• ASSIGNMENT:
Starting at the line that contains "Just pass through" and stopping at the line that contains "MM6 Maison Margiela", transcribe every line of the material below exactly; pictures stay out.

• MATERIALS PROVIDED:
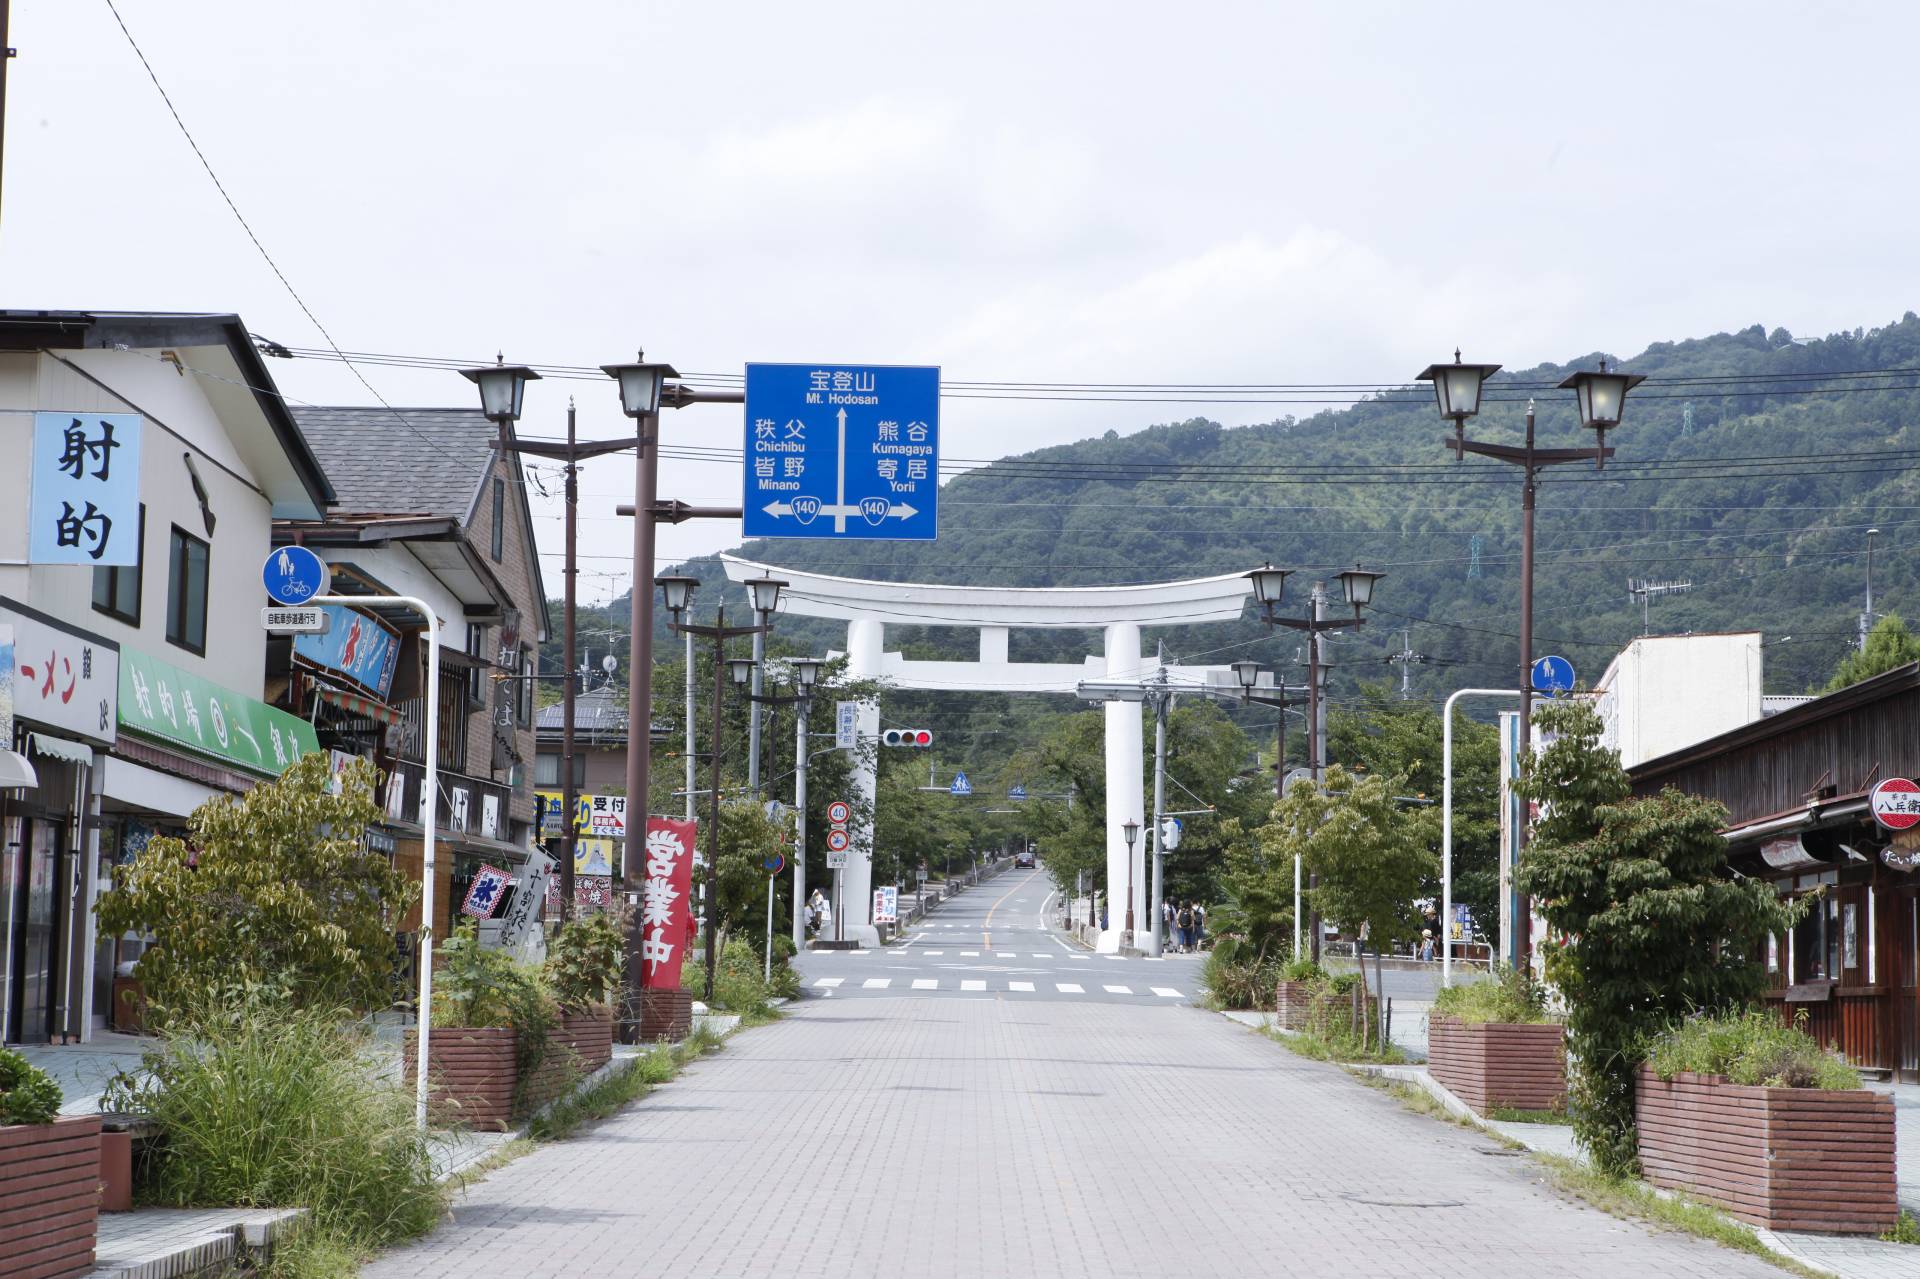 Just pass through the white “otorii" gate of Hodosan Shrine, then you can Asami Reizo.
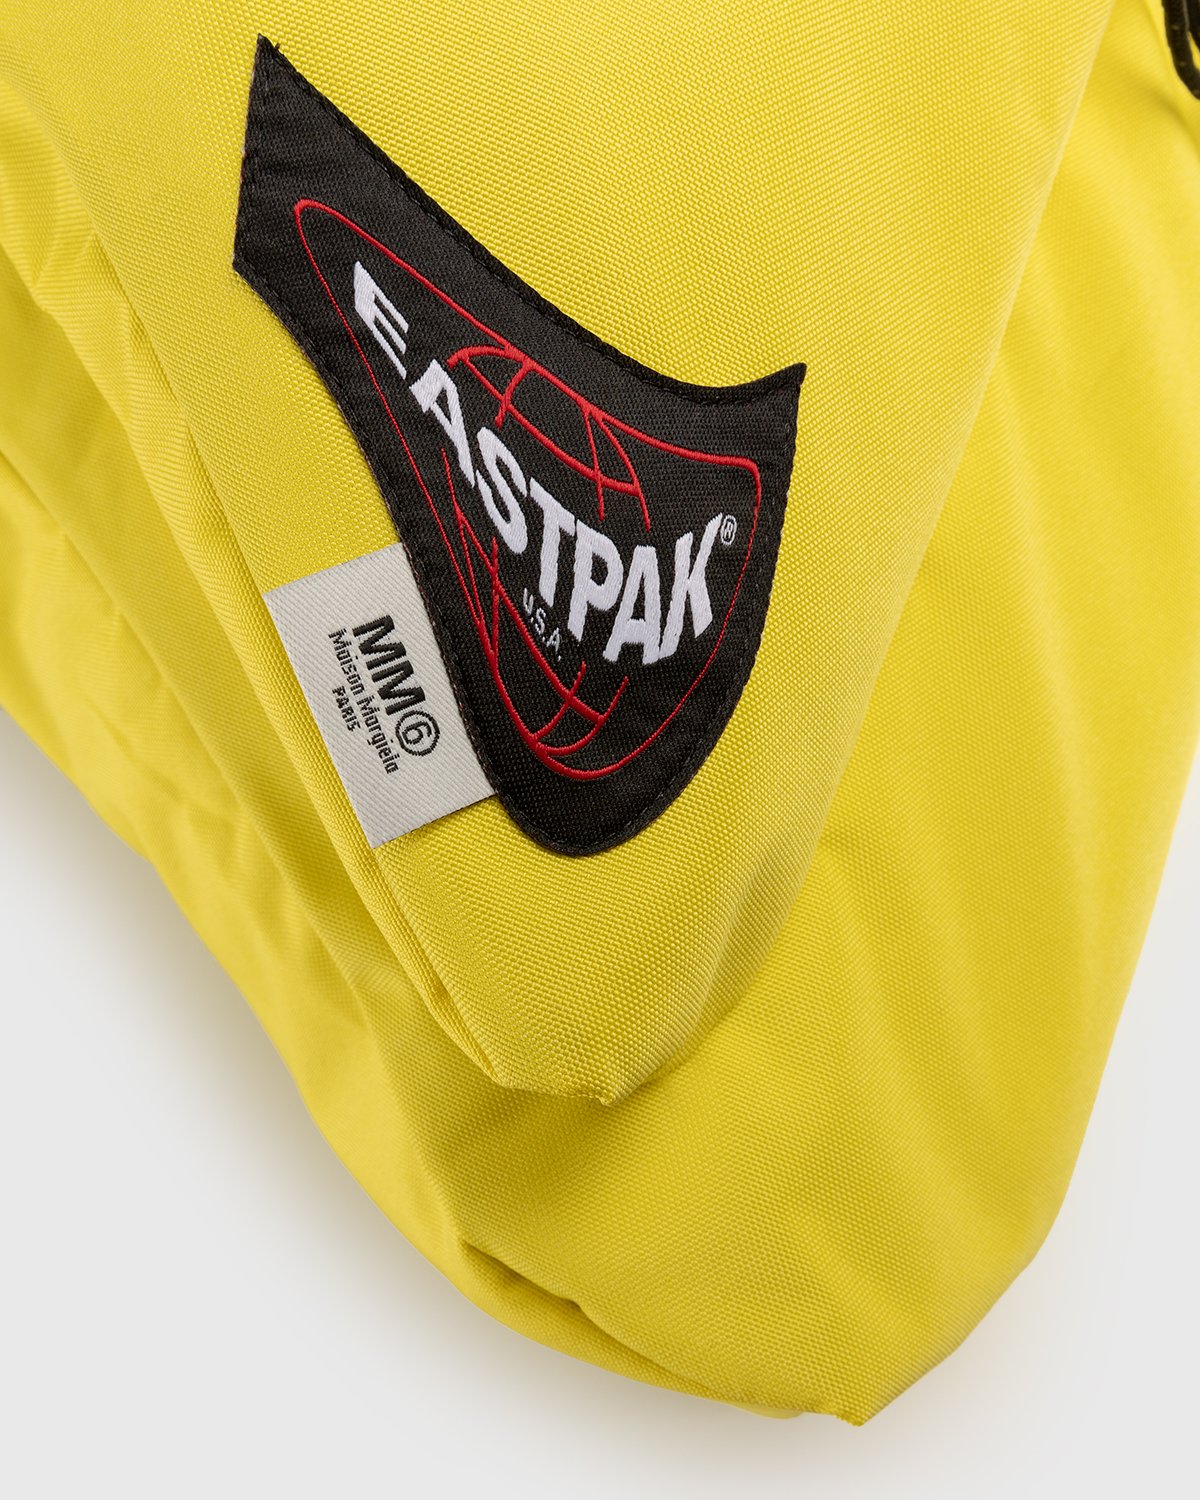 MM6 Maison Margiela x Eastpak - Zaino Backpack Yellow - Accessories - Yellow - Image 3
==
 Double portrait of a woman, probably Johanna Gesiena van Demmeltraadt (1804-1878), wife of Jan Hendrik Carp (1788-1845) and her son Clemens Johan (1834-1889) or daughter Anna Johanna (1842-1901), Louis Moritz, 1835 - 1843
==
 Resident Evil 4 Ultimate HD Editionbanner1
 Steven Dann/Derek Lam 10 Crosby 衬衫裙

• OUTPUT FOR THIS TASK:
 Just pass through the white “otorii" gate of Hodosan Shrine, then you can Asami Reizo.
 MM6 Maison Margiela x Eastpak - Zaino Backpack Yellow - Accessories - Yellow - Image 3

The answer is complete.